Out of the following lakes, which would you say has the best walleye/sauger fishing:

Mosquito
Tappan
Atwood
Berlin
West Branch
Piedmont
Salt Fork

I am not new to fishing walleyes/saugers but am new to fishing for them here. I was just trying to find the best high numbers lake and quality size lake for them in my area. Any help would be appreciated.

Thanks,

Sluggo


----------



## billybob7059

For walleye my vote is for berlin I have caught a lot of nice fish out of there. Atwood is the best for saugeye for me only b/c its the only lake I really catch saugeye in. Hoover dam is also good but most of my saugeye have been on the smaller side.
good fishin to ya
Brad


----------



## Fishing-Miller23

I say Atwood or Tappan.
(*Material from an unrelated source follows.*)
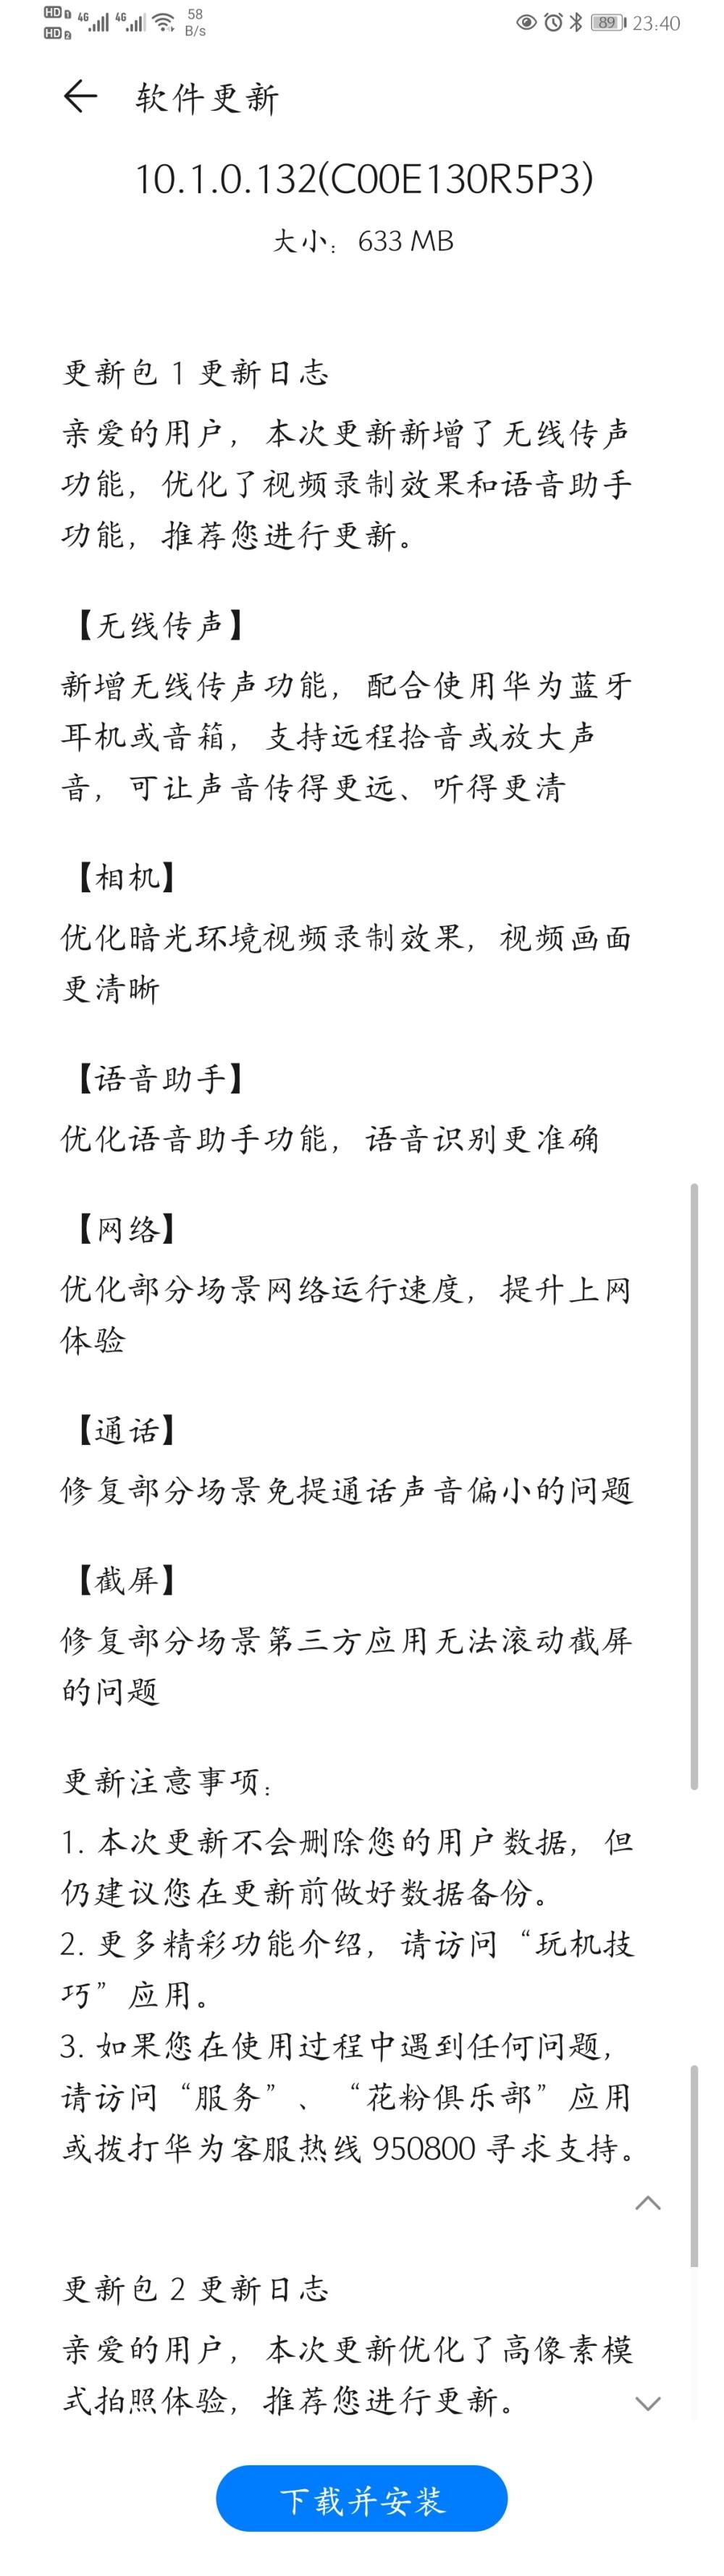 Huawei Mate 30 series getting EMUI 10.1.0.132

I have caught the most at Atwood. But Tappan has bigger ones.


----------



## Net

None of the lakes on your list contain any sauger. I'm sure you meant saugeye. IMO, the best inland lake for sheer numbers of 'eyes, whether they be walleye or saugeye, would be Mosquito Lake. Mosquito contains pure strain walleye.


----------



## JIG

Mosquito and Berlin hold more eyes than WB. Ive been thinkin on limitin my numbers out there. Just because WB isnt stocked. :C Berlin holds the deep water and more shad. I think it holds more bigger fish. Im using WB as a learning tool for Berlin and there simillar. Thanks for the info NET!


----------



## Whaler

Jig, that's a good idea. We shouldn't over harvest them since they aren't stocking any yet at West Branch right now. They may in the future though. They are going to run creel census next Spring to see who are catching what and how many. They may start some stocking if they find a lot of guys are fishing for Walleyes and are catching some. Let's hope so.


----------